2007年5月号掲載
〈スピリチュアル〉はなぜ流行るのか
- 著者
- 出版社
- 発行日2007年3月29日
- 定価792円
- ページ数206ページ
※『TOPPOINT』にお申し込みいただき「月刊誌会員」にご登録いただくと、ご利用いただけます。
※最新号以前に掲載の要約をご覧いただくには、別途「月刊誌プラス会員」のお申し込みが必要です。
著者紹介
概要
今、スピリチュアル・ヒーリングやスピリチュアル・ケアなど、“スピリチュアル”が流行っている。これは、宗教の枠に収まりきらない宗教的なるものと言え、最近、日本の社会で、重要な役割を担いつつある。本書では、ヒット曲やベストセラー、ブログなど身近な社会現象を素材に、スピリチュアルとは何かを紹介し、我々はそれとどう向き合うべきかを考える。
要約
「ジュピター」はなぜ人を癒すのか
「日本人は無宗教」と広く思われている。ある世論調査によると、「何か宗教を信じている」人は全体で2割余り。20代では1割もいない。
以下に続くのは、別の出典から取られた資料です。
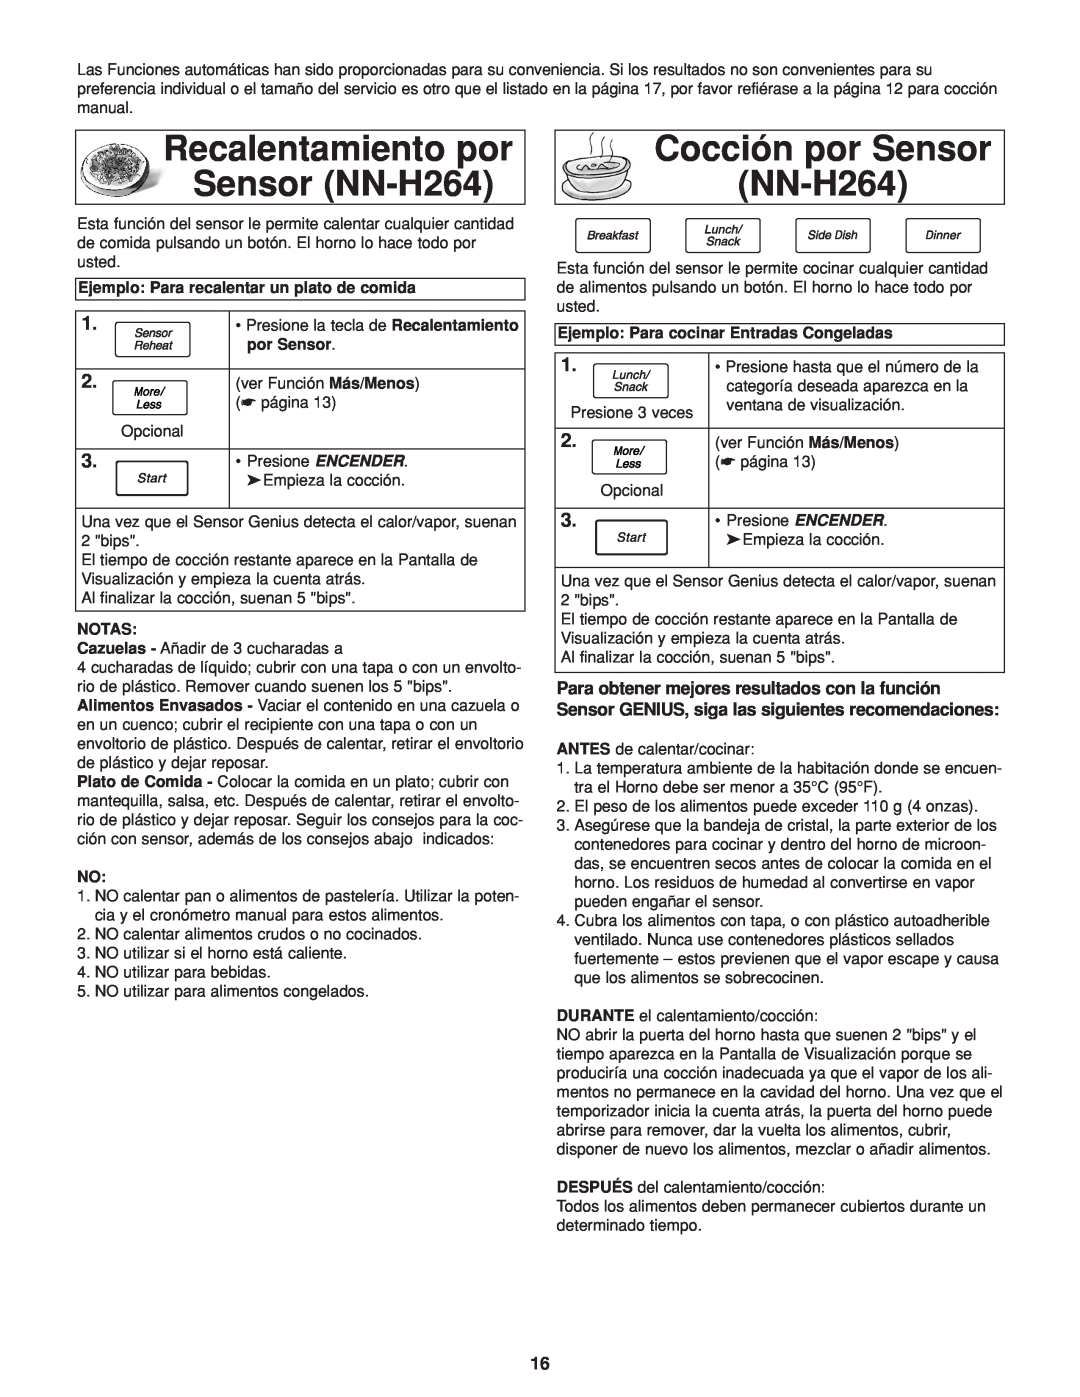 Panasonic important safety instructions Cocción por Sensor NN-H264, Recalentamiento por Sensor NN-H264 
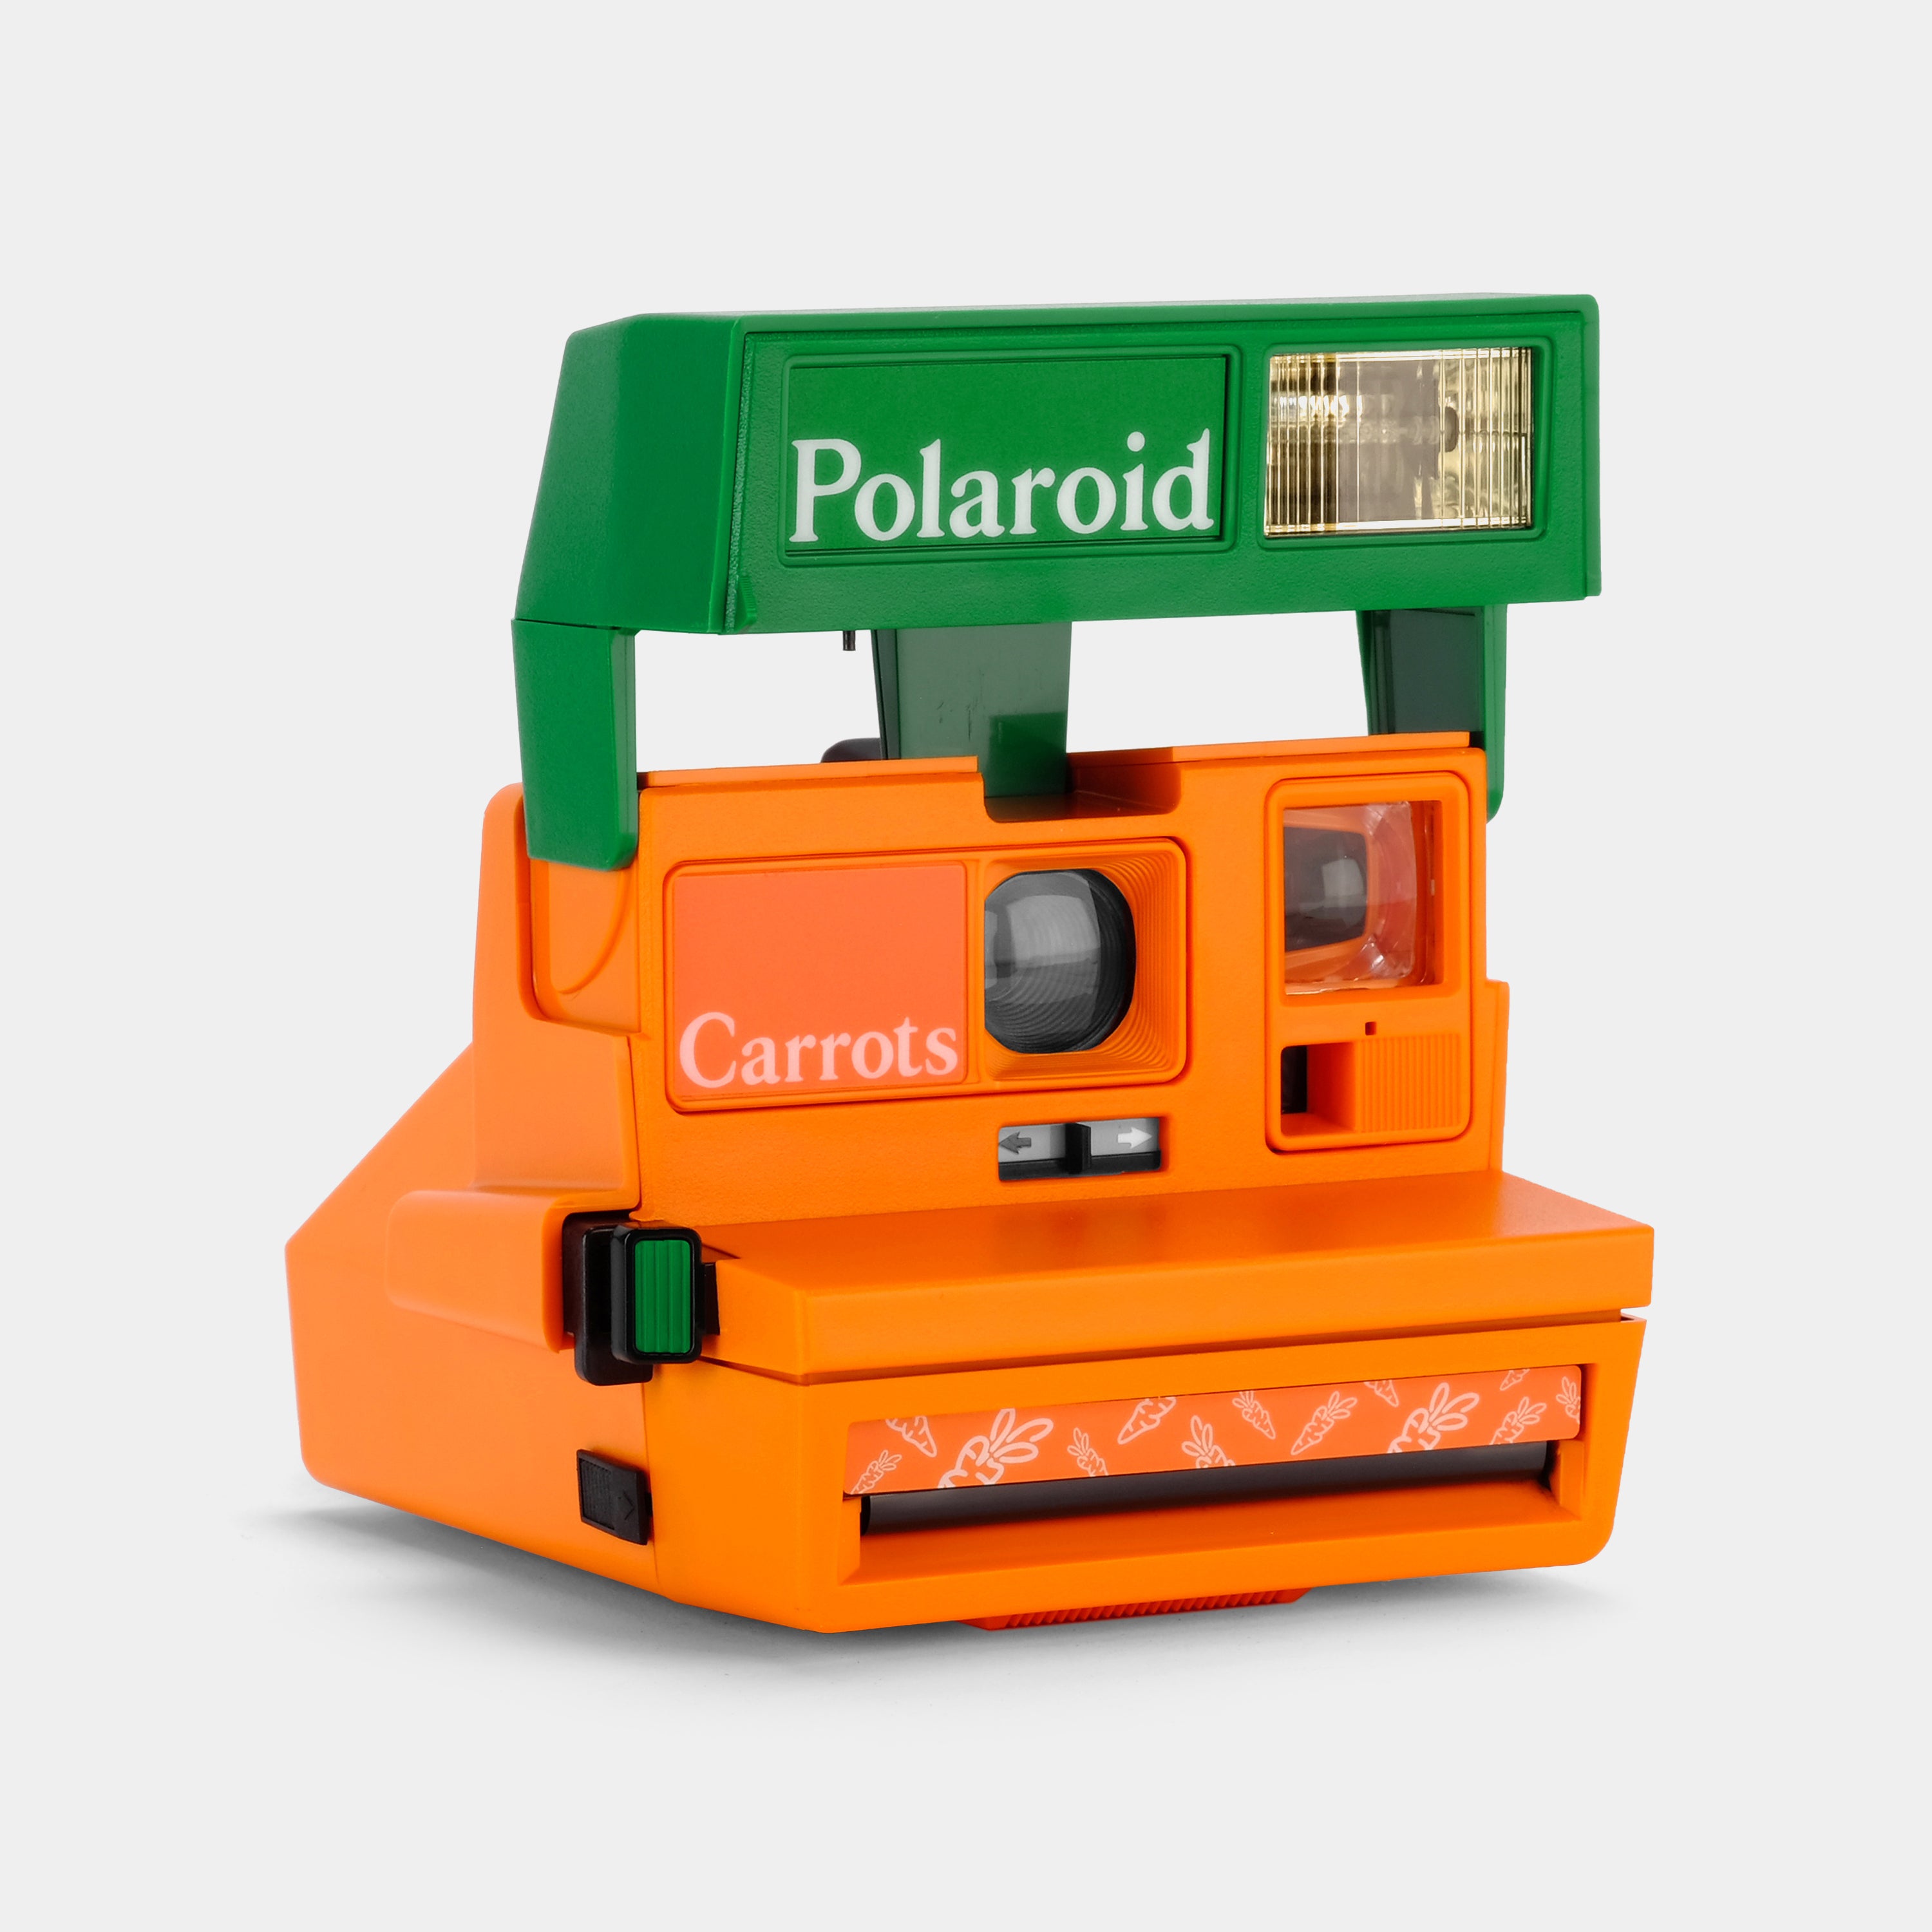 Polaroid 600 Carrots by Anwar Carrots Instant Film Camera

ところが、「神仏はいると思うか」という問いには、20代の3割以上が「はい」と答えている。また、「何とも言えない」もほぼ同数いる。
つまり、神や仏がいるかもしれないと考える若者は、少なくとも6割いる。これと、「宗教は信じない」との差は、どう考えればよいのか?
この差について考える際、手がかりとなるのが、次のような英語の表現だ。
“I 'm not religious, but spiritual.”
特定の宗教は信じないが、スピリチュアルなものは信じる、という意味である。
では、このスピリチュアルとは何か? わかるようで、よくわからない。精神的とか霊的とか訳してもうまくいかない。だから、カタカナのままで使われているのが現状だ。
スピリチュアルの名詞形は「スピリチュアリティ」であり、宗教研究者たちはこのなじみの薄い言葉を、例えば次のように捉えている。
- ・自分の中や自分と他者との間で働いていると感じられる、自分を超えた何ものかとつながっている感覚(の質)
- ・超自然的な力や存在に自己が影響を受けている感覚
微妙にニュアンスは違うが、大きく捉えれば、「何らかの超越的な存在×それとつながる感覚」といったあたりが共通している。理屈でなく感覚、というところがポイントだ。
「ジュピター(Jupiter)」と中越地震
2003年末に発売された歌「Jupiter」は、シングルCDの売上が100万枚を超えるヒットとなった。
この歌は、04年の新潟県中越地震を機に話題となった。発売からずいぶん時間がたっていたにもかかわらず、新潟のラジオ局に「応援メッセージ」とともにリクエストが殺到したのだ。